South Lake, to the south-east of the old walled city, has been a popular tourist site for centuries. The Chinese Communist Party was officially founded on a boat in the lake, after the delegates to its first congress adjourned their meeting in Shanghai and reconvened here. As a result, the lake is now a popular destination for Communist Party "education" tours.

Within the city proper, the Zicheng (citadel) of Jiaxing was for two millennia the fortified nucleus of the walled city, though only fragmented remains now survive from the imperial era. The main gate was rebuilt in 1990. Jiaxing is one of the very few cities in south-east China that retains any vestige of a citadel. A number of famous writers' homes also survive in the old walled city, as well as a Carmelite abbey and Gothic abbey church built in 1902.

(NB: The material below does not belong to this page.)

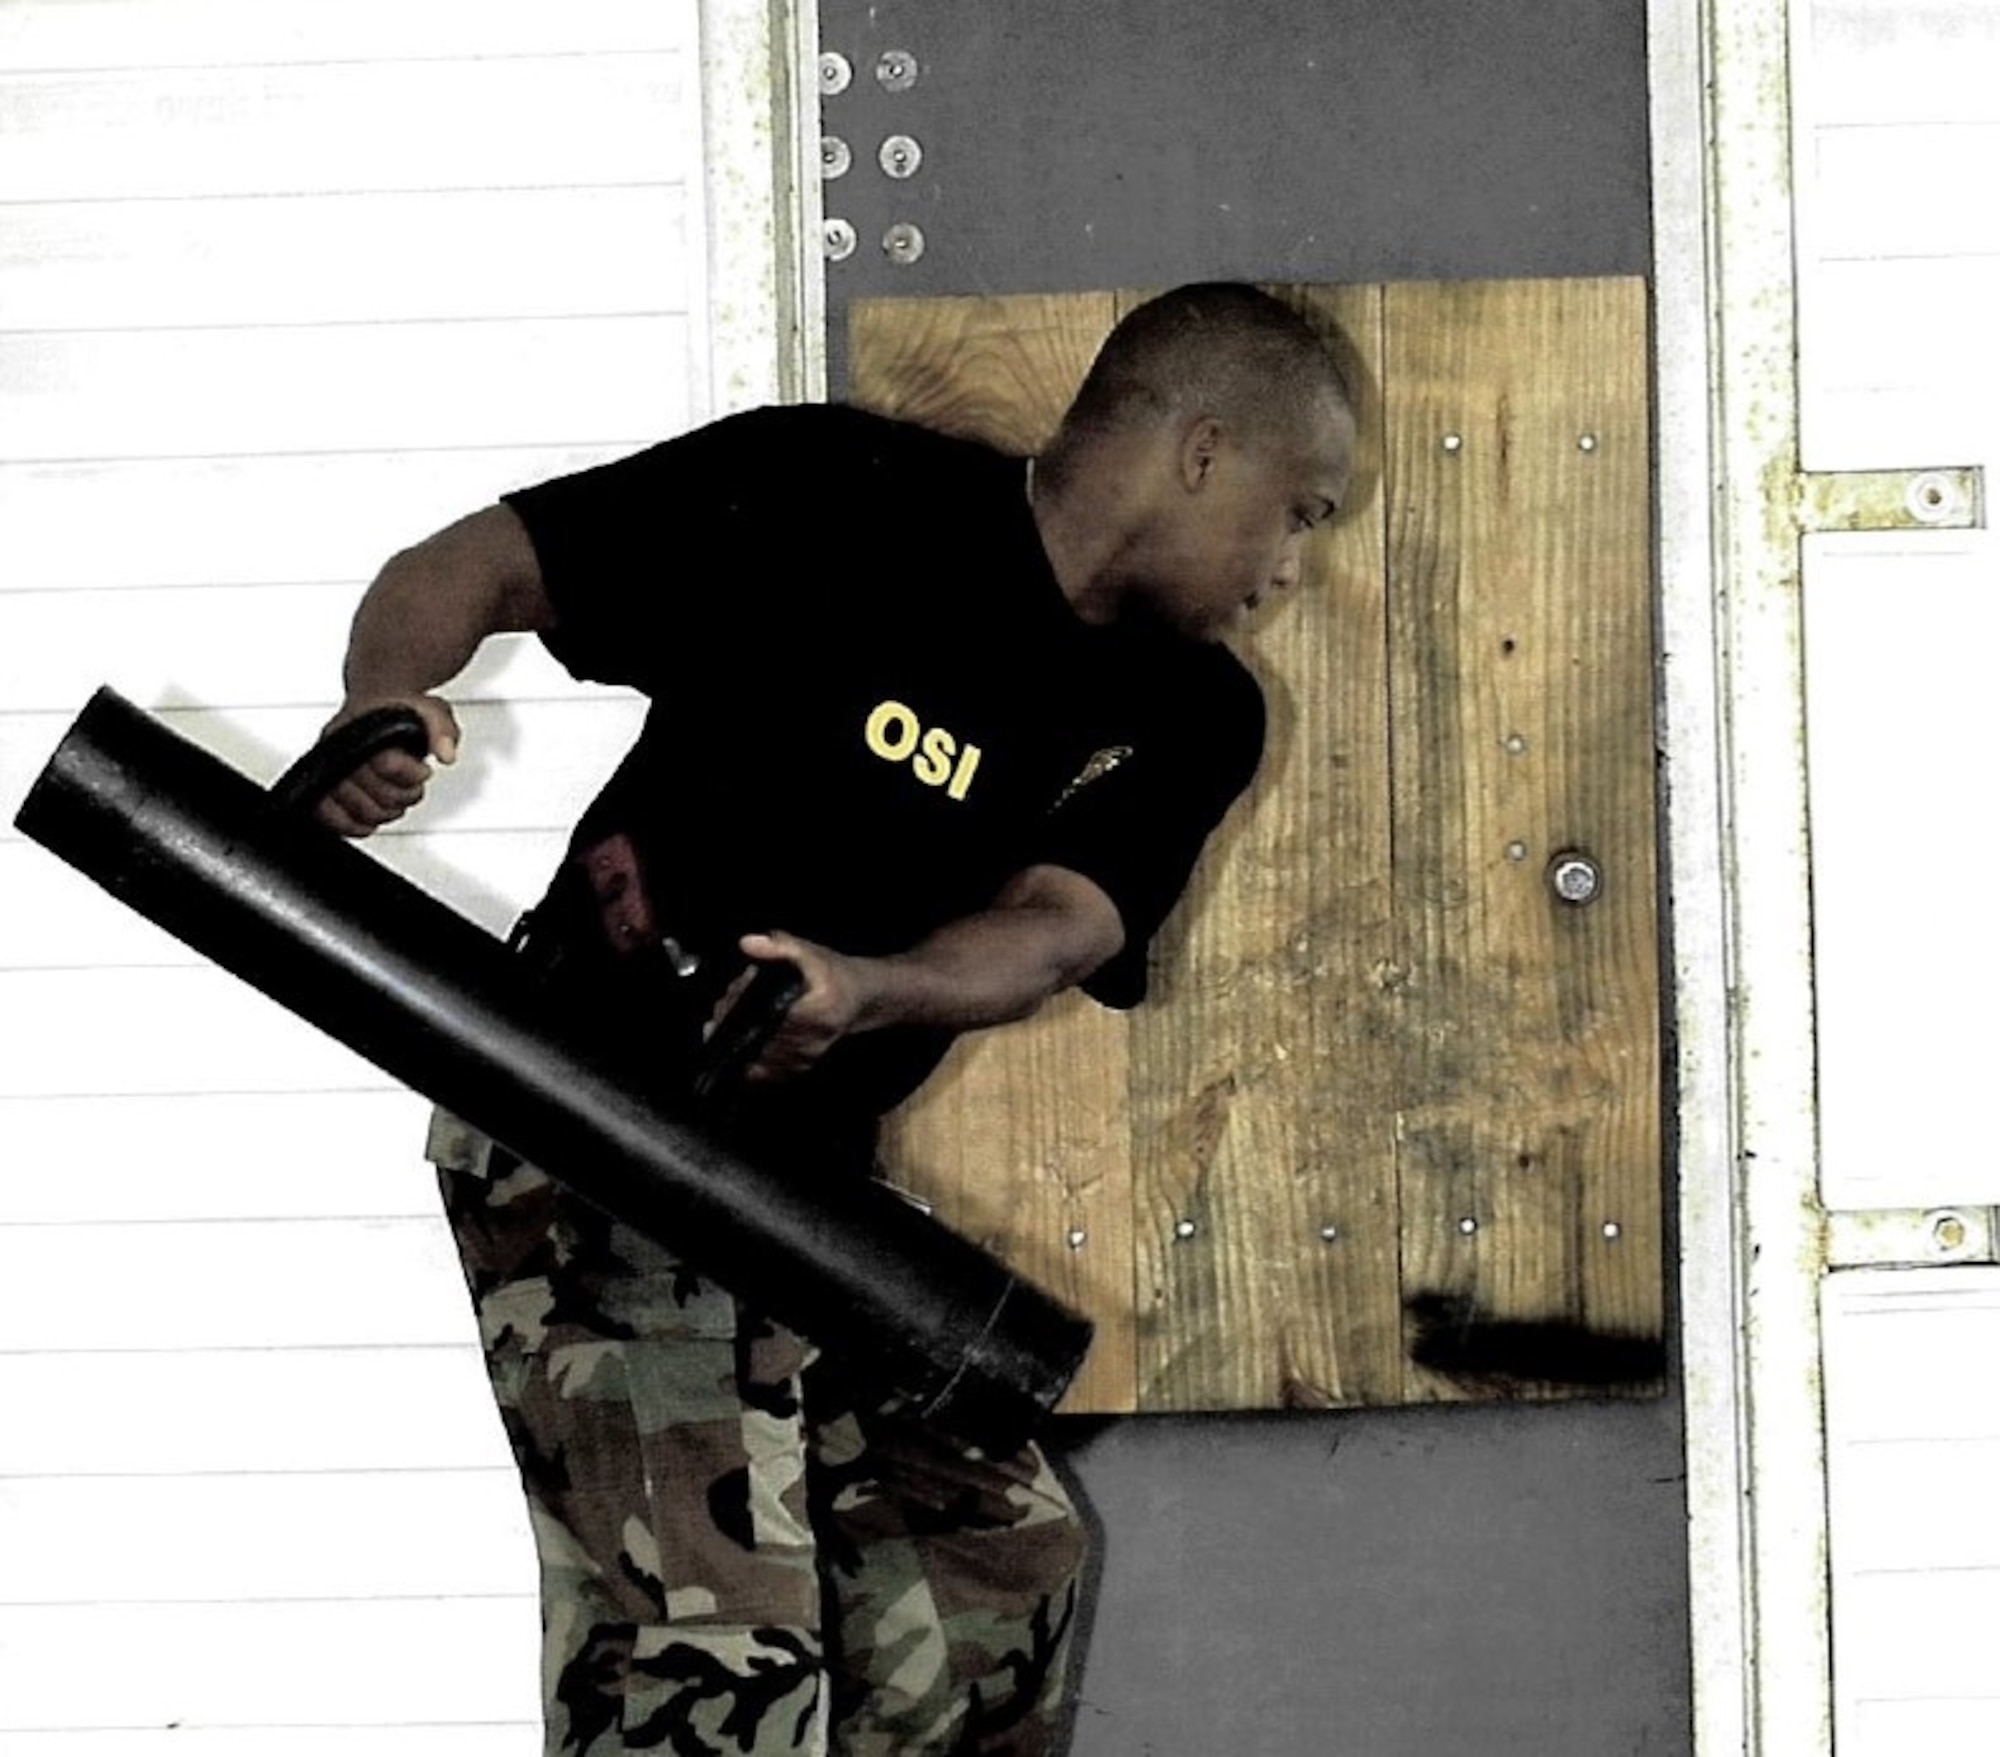 An Air Force Special Investigations Academy Class 301 member conducts “Dynamic Entry” training at the Federal Law Enforcement Training Center, Glynco, Ga.(U.S. Air Force photo)

Meiwan Street and Yuehe Street (Zhongji Road and surrounds) are two restored neighbourhoods to the south and north of the old city respectively, located near the city moat, canals and lakes. Literally "Prunus bay street" and "moon river street" respectively, these two neighbourhoods combine restored historic buildings and newly landscaped gardens. Meiwan Street features buildings in the style of private residences of prominent families, and is the location of Kim Koo's refuge, a house significant in the history of the Korean independence movement, and a family shrine of the Qian family, a prominent local family. By contrast, Yuehe Street features artisan workshops and street food stores. In January 2022, Yuehe Street was named the "first provincial night cultural and tourist concentration area".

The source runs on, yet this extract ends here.